Detailed Description of the Invention

[0001]

BACKGROUND OF THE INVENTION The present invention relates to electrolysis for electrolyzing raw water such as tap water and well water to produce alkaline electrolyzed water used for beverages and acidic electrolyzed water used as lotion, sterilizing and washing water, etc. It relates to a water generator.

[0002]

2. Description of the Related Art In recent years, instead of heat treatment, alcohol treatment, treatment with synthetic chemicals such as pesticides, as static sterilization treatment in the fields of food processing, agriculture, sewage treatment, medical treatment, etc.
The use of water obtained by electrolyzing water that is safe for the human body and can be performed at low cost is increasing.

A conventional electrolyzed water generator will be described below. FIG. 3 is a schematic view of a conventional electrolyzed water generator. Reference numeral 1 is a raw water pipe such as tap water, 2 is a faucet, 3 is an electrolyzed water generator connected to the raw water pipe 1 via a faucet 4, and 4 is activated carbon and general bacteria that adsorb residual chlorine in the raw water. Water purifier equipped with a hollow fiber membrane to remove impurities and impurities, 5 is NaCl or KC
Inorganic electrolyte addition chamber for increasing conductivity by adding 1 or the like to raw water, 6 is a flow rate sensor for detecting a water flow rate and instructing a controller section to be described later, 7 is electrolysis for electrolyzing water that has passed through the flow rate sensor 6. A tank, 8 is a diaphragm that divides the electrolytic tank 7 into two parts and has a water passage portion at the bottom to form a pair of electrode chambers, and 9 and 10 are arranged in each electrode chamber formed by being divided by the diaphragm 8 into two parts. An electrode, 11 is an anode side discharge pipe for discharging water on the side of the electrode 10 (acid ionized water because the electrode 10 becomes an anode except for cleaning), 1
Reference numeral 2 is a fixed throttle portion arranged near the joint between the electrolytic cell 7 and the anode side discharge pipe 11 for adjusting the discharge amount of water for efficiently generating alkaline ionized water, and 13 is water on the side of the electrode 9 (other than cleaning, the electrode 9 is used). Is a cathode and discharges alkaline ionized water), and 14 is a discharge solenoid valve for discharging accumulated water in the electrolytic bath 7 or cleaning water in which scale is dissolved during electrode cleaning,
Reference numeral 15 is a water discharge pipe for draining water on the electrode 10 side, accumulated water in the electrolysis tank 7 or washing water through the anode side discharge pipe 11, 16 is a cartridge sensor for detecting the presence or absence of a cartridge in the water purifier 4, and 17 is power-on. Is a power supply unit, 18 is a power supply unit that changes the AC power supplied from the power-on plug 17 into a DC power supply, and 19 is a controller unit that controls the operation of the electrolyzed water generator 3.

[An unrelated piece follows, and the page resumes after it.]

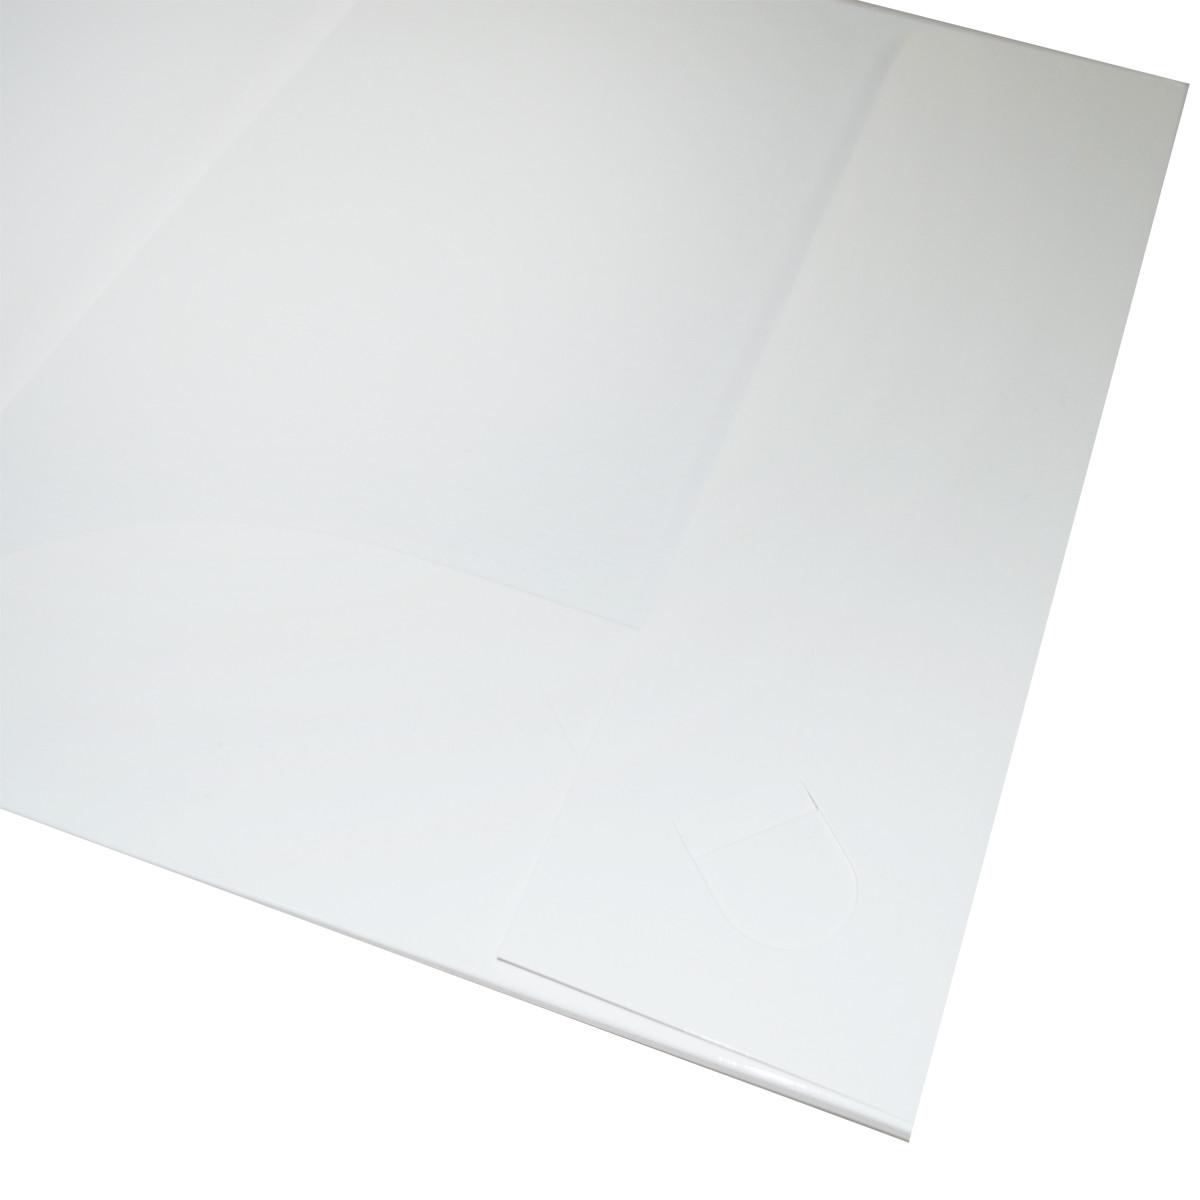 """Набор бумаги для графики SANTI, А3 """"Fine art sketches"""", 20 л., 190 г/м2 - фото 2"""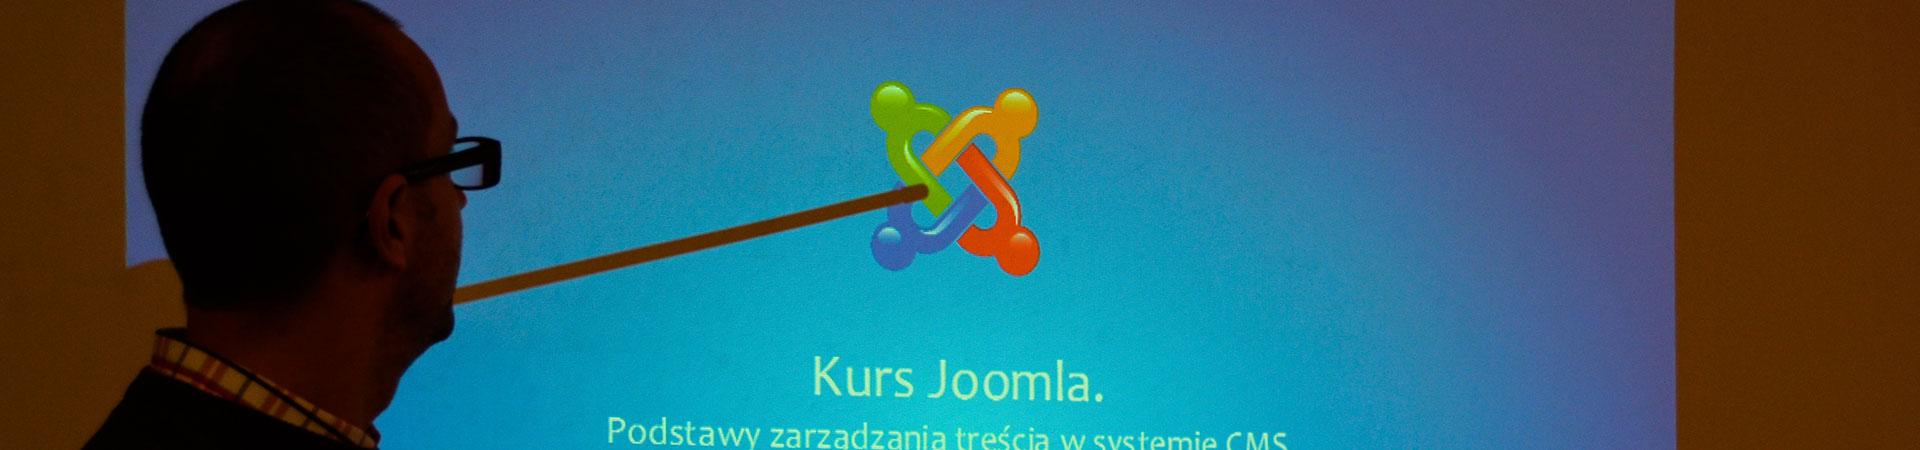 Conociendo: Joomla!

The operation of the conventional electrolyzed water generator configured as described above will be described below. After passing through the raw water, impurities such as residual chlorine and general bacteria in the raw water are removed by the water purifier 4, and calcium glycerophosphate, etc. are dissolved in the inorganic electrolyte addition chamber 5 and treated to water that facilitates electrolysis, and then the flow rate sensor Water is passed to the electrolytic cell 7 via 6. At this time, the controller unit 19 reads the signal from the flow rate sensor 6, judges that the water is injected when a certain level is exceeded, and causes the power supply unit 18 to generate a DC voltage / current necessary for control and electrolysis. The DC voltage / current for electrolysis is supplied to the electrode 9 of the electrolytic cell 7 via the controller unit 19.
Then, a voltage is applied to the electrode 10 to perform electrolysis. Except when cleaning, a positive voltage is applied to the electrode 10 and a negative voltage is applied to the electrode 9, and the electrolytic cell 7 forms an anode chamber and a cathode chamber which are partitioned by a diaphragm 8, and acidic ionized water is stored in the anode chamber. , Alkaline ionized water is generated in the cathode chamber.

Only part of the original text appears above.